# Star Grass Dying?



## Philip.Chan.92 (Apr 25, 2010)

I recently aquired some stargrass and they are planted in sand substrate with 2 13W 6500K Compact Fluorescent Bulbs in a 10 gallon. I have DIY CO2 running, some of the stargrass' leaves started going somewhat transparent/transluscent and some plants are doing much better than the others. Is this just replanting shock or am I doing something wrong? Current residents are 2 german blue rams, dwarf puffer and SAE.


----------



## Darkblade48 (Jan 28, 2008)

How long have you had the plants for? It is probably just the shocok of moving the plants/adapting to new water conditions.


----------



## Philip.Chan.92 (Apr 25, 2010)

Had it for a few days, less than a week.


----------



## Darkblade48 (Jan 28, 2008)

It is probably adapting to your water conditions.
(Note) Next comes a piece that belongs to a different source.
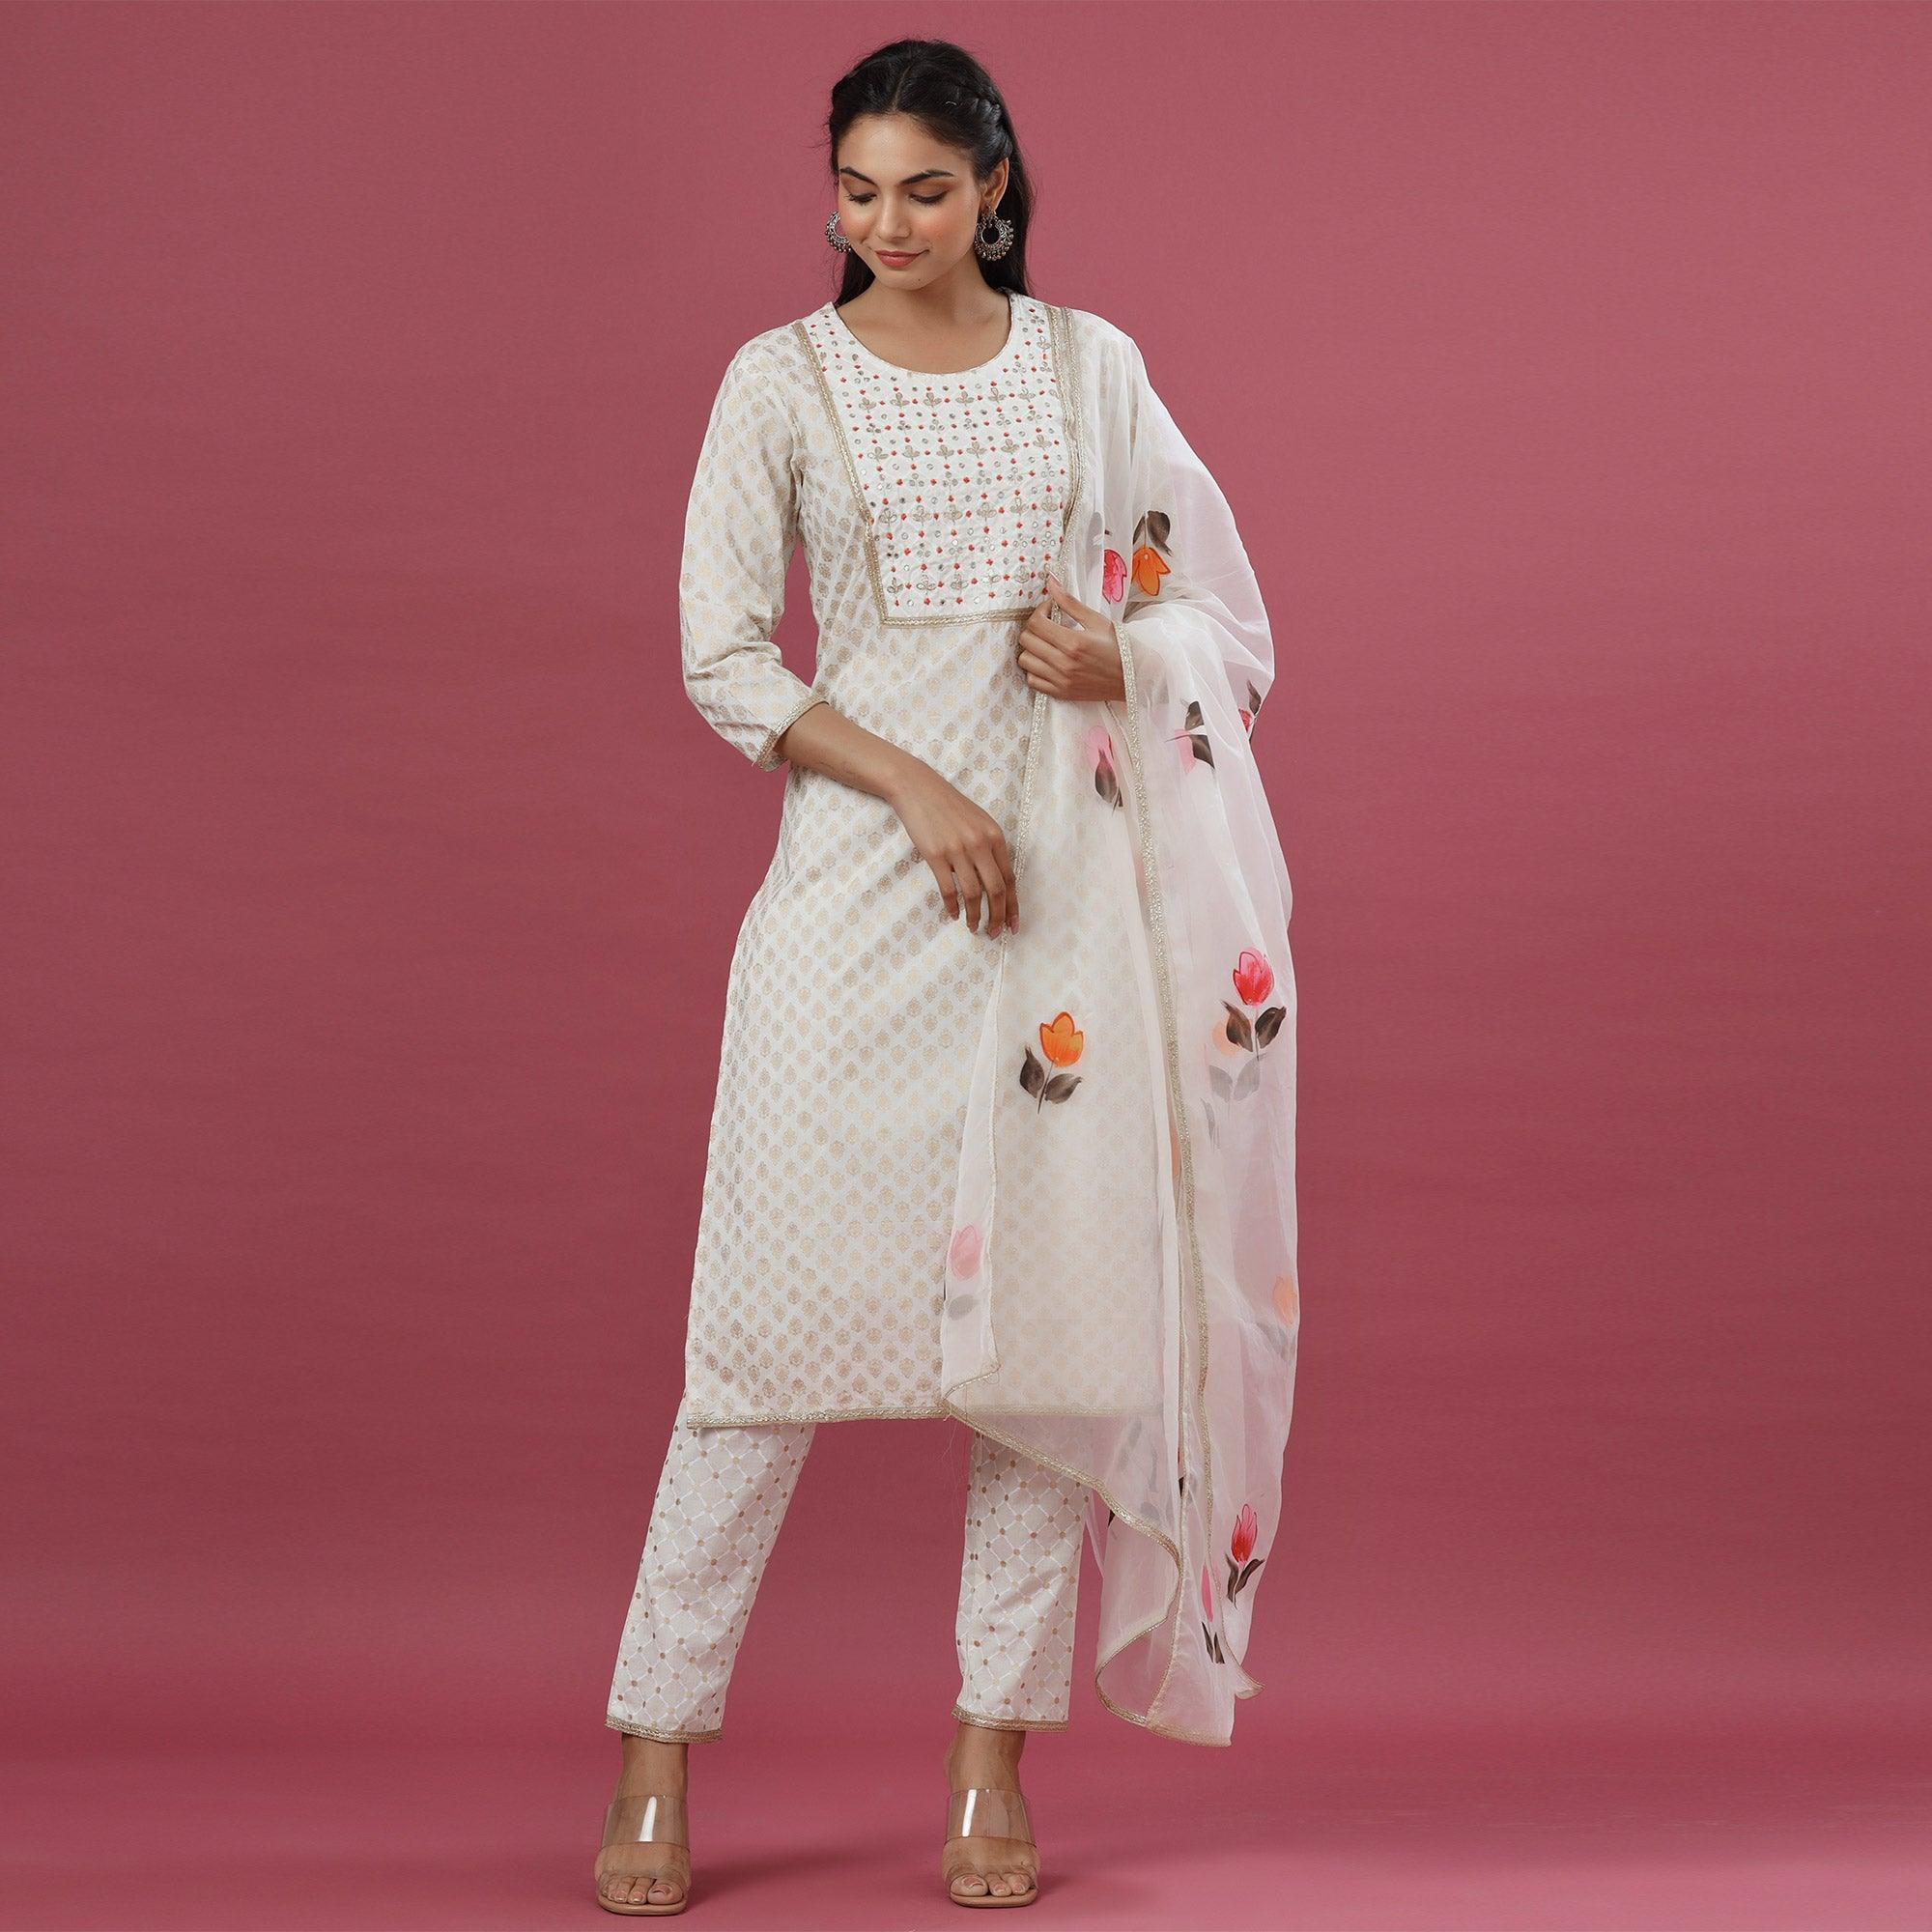 SHANVI 3pcs White Cotton Kurti Pant Set with Dupatta at Rs.470/Piece in  surat offer by Golaviya House

I would give it at least 1-2 weeks.


----------



## BettaBeats (Jan 14, 2010)

would it be advised for him to trim off the dying leaves so the healthier ones can have a better chance of adapting?


----------



## Darkblade48 (Jan 28, 2008)

You could prune them off; I have tried it both ways (for different plants), and both ways have worked.


----------



## mojo911 (Jan 25, 2010)

Hey phil, I had the same problem when I first recieved them... they are very delicate. If you leave them alone until they are able to grow half way up the tank, the growth will explode and they will recover and grow strong from then on. Hope all goes well!


----------



## carbonlist (Nov 8, 2009)

I got 2 stems of stargrass from byronicle by accident. In the first 2-3days, it appears as it is dying but then it really flourishes afterwards. your lighting and co2 is more than enough for stargrass. 

If I were you, just leave it be. Don't move it anymore or it might start readapting.


----------